A 34-year-old woman with a history of type 1 diabetes mellitus (T1DM) with baseline HbA1c of 9.1%, cerebral palsy and chronic constipation was admitted to intensive care unit with intractable vomiting, diarrhea and severe metabolic acidosis. Prior to hospitalization she had been receiving an aggressive bowel regimen due to persistent constipation. Her medication regimen included basal-bolus insulin regimen. Three weeks prior to the presentation she was started on a combination of empagliflozin-linagliptin (SGLT-2 inhibitor + DPP4 inhibitor) and was noted to have improvement in glycemic control by her caregiver. Basal insulin was held two days prior to admission due to her poor oral intake with relatively controlled blood glucose levels. Initial laboratory findings were remarkable for profound anion-gap metabolic acidosis with a pH 7.01, HOC3- 2, pCO2 10, anion gap 33, lactic acid 1.4 and elevated plasma acetone. Blood glucose on admission was 255 mg/dL with most readings below 200 mg/dl on subsequent serial monitoring. Her clinical picture was consistent with diabetic ketoacidosis (DKA), but considered unusual due to relatively mild hyperglycemia.
She was treated with aggressive fluid resuscitation, insulin and bicarbonate infusions. She remained profoundly acidotic for the first 24 hours, but anion gap eventually closed, bicarbonate normalized and her overall clinical condition improved. She was transitioned to a basal-bolus insulin regimen followed by full uneventful recovery over next few days. She was discharged on basal-bolus insulin regimen, but the combination oral agent empagliflozin-linagliptin was discontinued.
Discussion:
DKA is a serious complication of T1DM due to an absolute insulin deficiency and is defined by marked hyperglycemia (>250 mg/dl), high anion gap metabolic acidosis and elevated plasma ketones. Euglycemic DKA (euDKA) is an unusual form of DKA, defined as DKA without marked hyperglycemia (BG <250 mg/dl).
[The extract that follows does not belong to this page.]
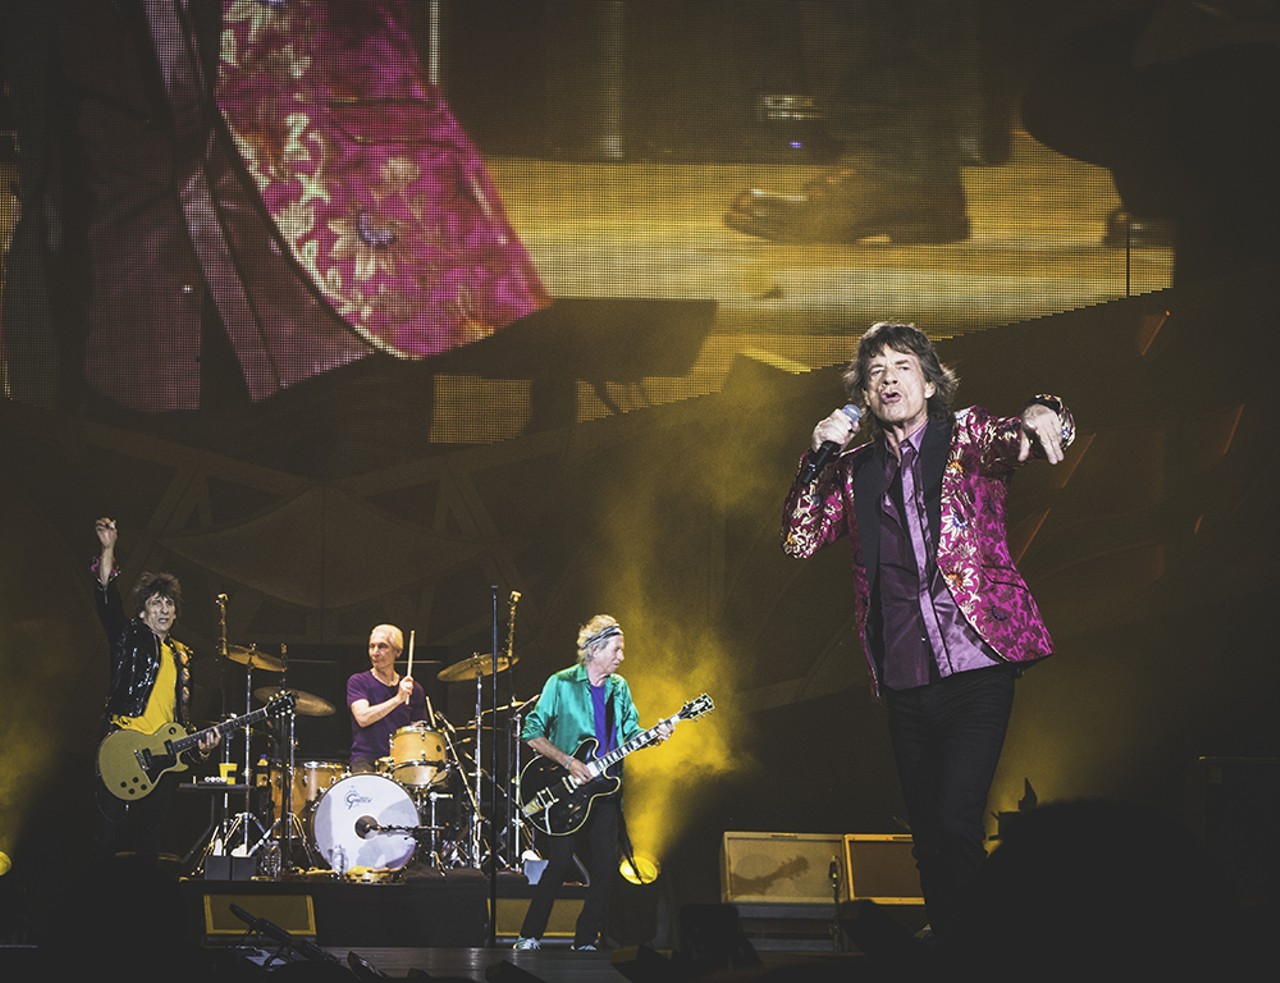 Wildest photos from the Rolling Stones at the Orlando Citrus Bowl - PHOTO BY CHRISTOPHER GARCIA

SGLT-2 inhibitors, such as empagliflozin, lower glucose levels by inhibiting proximal tubular glucose reabsorption and increasing glycosuria. This increased renal clearance of glucose leads to deceptively lower blood glucose levels in the setting of illness, causing a reduction in insulin doses at a time of enhanced insulin resistance, thereby tipping the balance toward ketosis. This process remains unrecognized and overlooked by both patient and the provider leading to delay in instituting treatment.
Conclusions:
SGLT-2 inhibitors are not approved by the FDA in the setting of T1DM, and emerging case reports are indicating its association with euDKA. Therefore, hospitalist should be cautious about its off label use in patient with Type 1 DM, especially on admission and discharge medication reconciliation. It is also critical to be aware that DKA can occur in the setting of relative euglycemia, which is under-recognized and under-reported, but a life-threatening complication of diabetes.